No one ever does. I speak, I call out, I scream until I'm blue in the face, until terror and strain force tears from my eyes. But no one comes. No one ever comes. There is no one here but me. I am forced to wander until I weaken and collapse from fatigue, and then I wake up, sometimes cold, sometimes shaking, sometimes with real tears, always with an aching fear that can only be calmed by the sight, sound, or touch of someone else, that sensory reassurance that I'm not alone.
It's not every time I fall asleep, though, but it's always the first time I do, each evening, and after I've woken up, the rest of the night is normal. It wouldn't be as frightening if the dreams didn't connect in the worst way. I told you, I wake when I've given in, when my body cannot wander anymore. Well...each night, this period of wandering grows shorter and shorter...and shorter.
I am starving. In my dreams, I am starving, little by little, like my mind keeps track of how long I have spent in this lifeless, joyless vacuum, and translates that to my body. Each night, I wake earlier and earlier in the evening, sometimes a few minutes, sometimes an hour, and each time, I know it's because I am weaker in the dream.
I have become obsessed with timing these dreams. I wear a digital wrist watch now, and check it every time I wake, recording how long I spent in this world. My physical body remains unaffected, healthy as ever, but in my dream, vitality is but a wish, and each night, I am subject to more and more grueling starvation. I remind you, it feels real, and I'm growing quite concerned.
It has been months since this started, and I am very close to dying now. I spend mere minutes in this world each evening, just barely drifting off only to awake once more by fatigue and helplessness.

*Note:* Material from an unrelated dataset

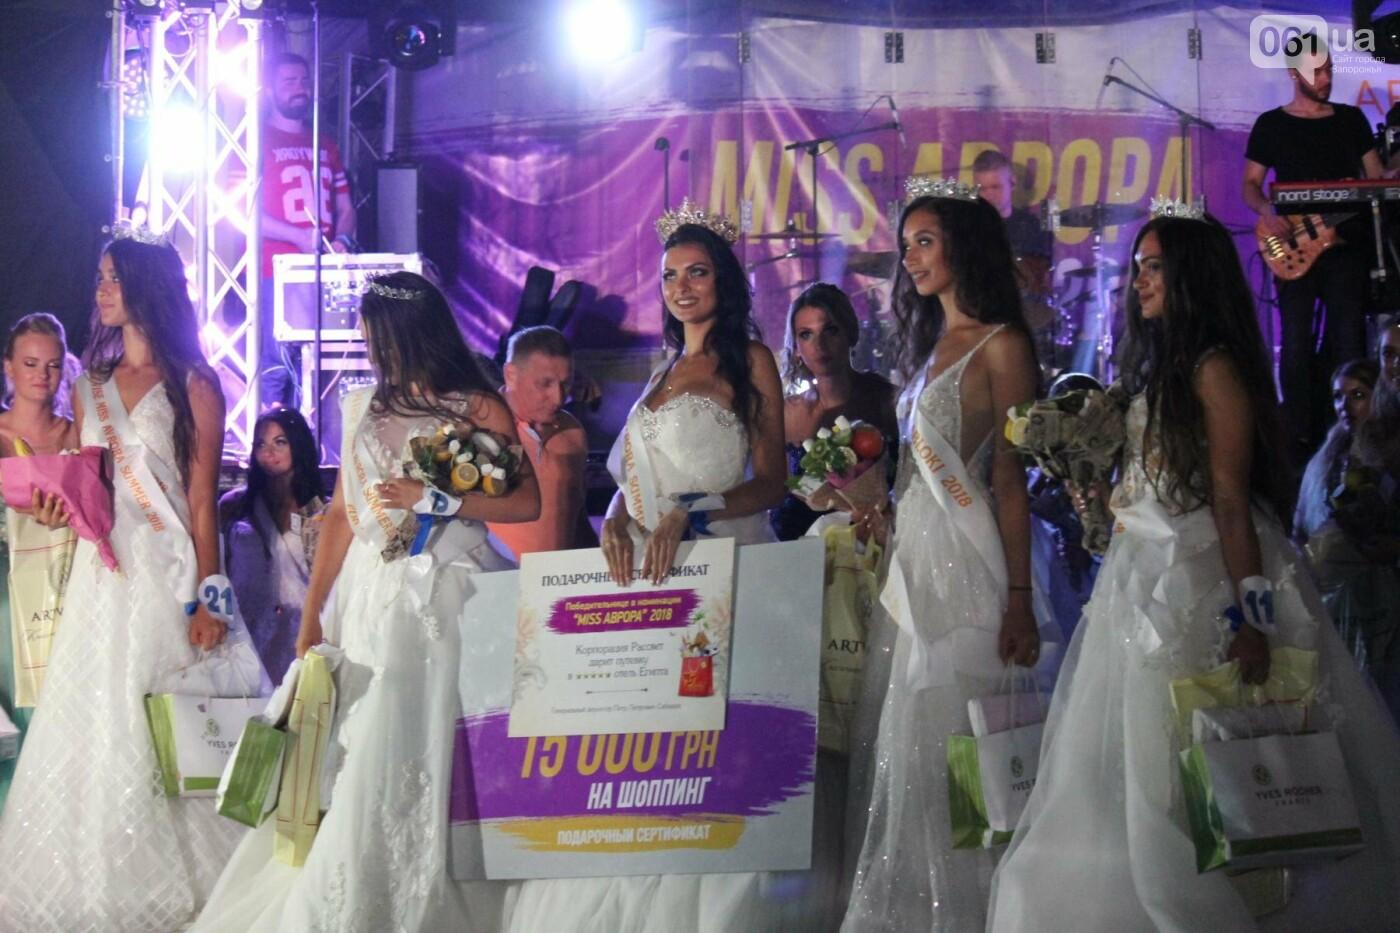 «Miss AVRORA Summer 2018»: в Запорожье на конкурсе красоты выбрали самую красивую девушку, – ФОТОРЕПОРТАЖ, фото-10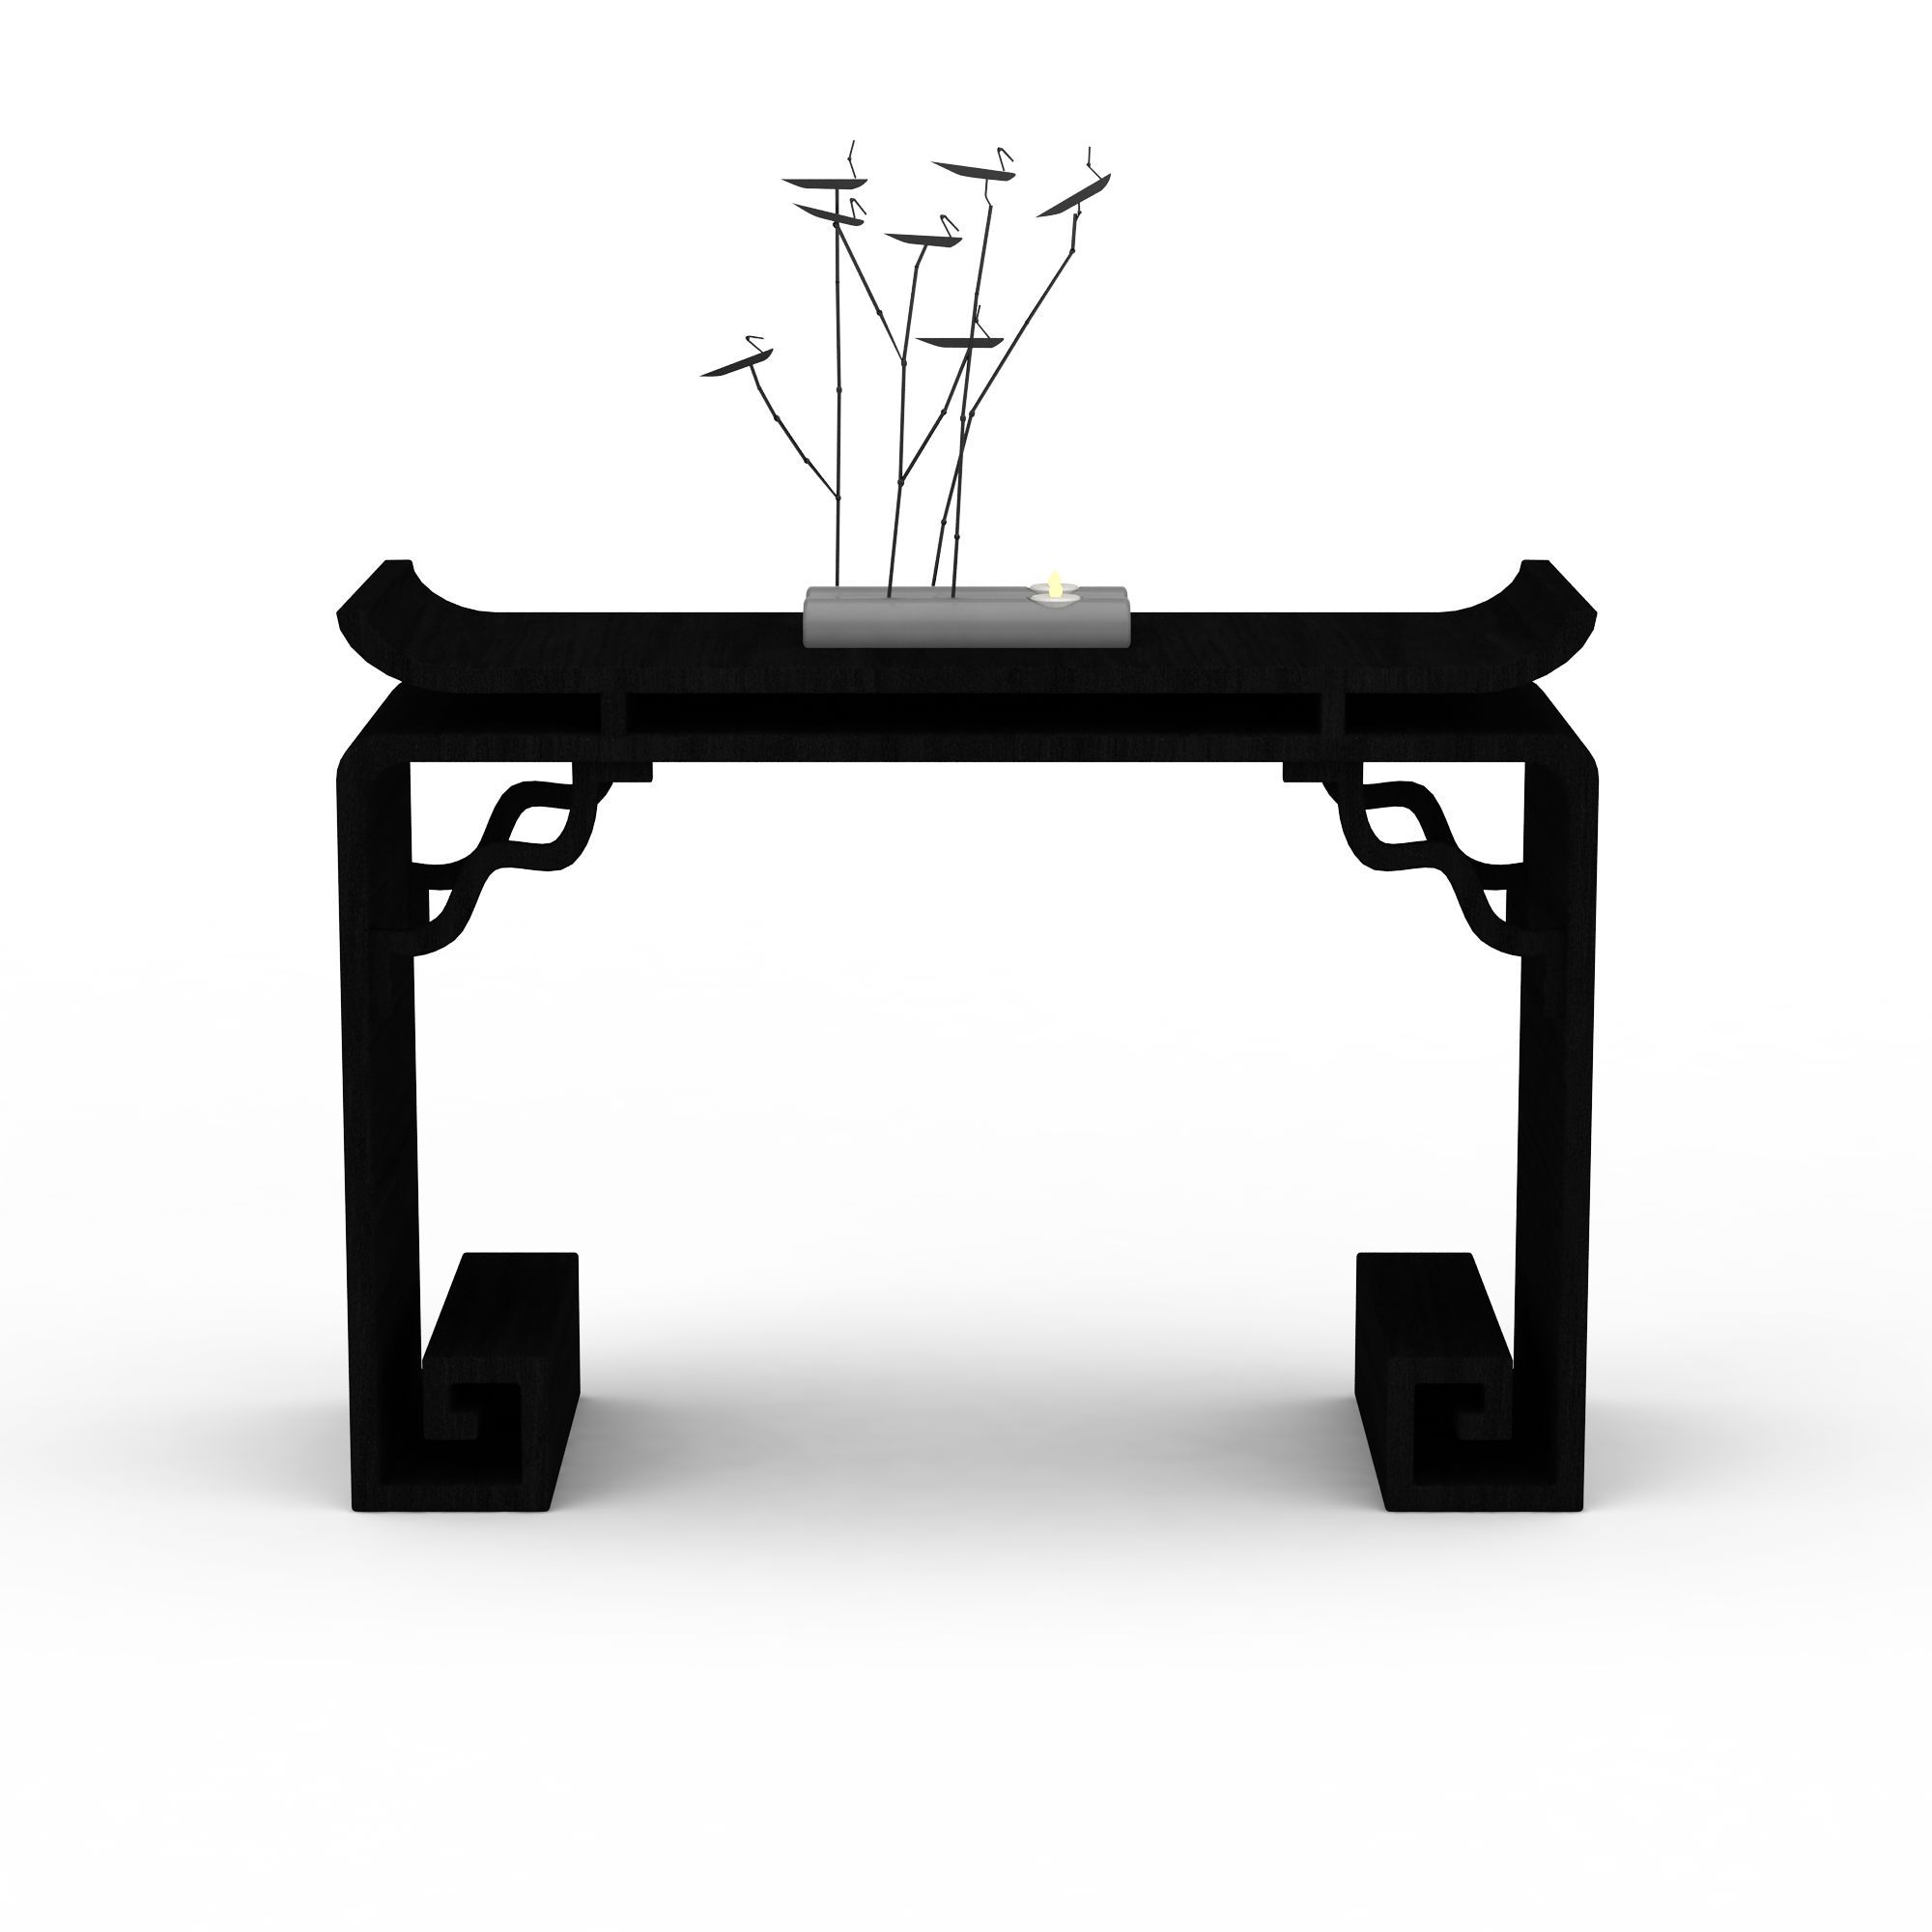 上传时间 2015/01/04  关键词:案几组合3d模型黑色案几3d模型中式案几图片

I can barely move, and what little I see of myself in this endless darkness is skin and bone.
I am afraid, I am terribly afraid. I don't know what will happen when I die in this chillingly vivid series of nightmares. It is affecting me in both worlds, because I cannot tell which is real sometimes.
I don't want to die, and I can no longer sleep alone. Not that it matters how closely I cling to a lover in bed though, because there is no one to save me in this endless, joyless hell.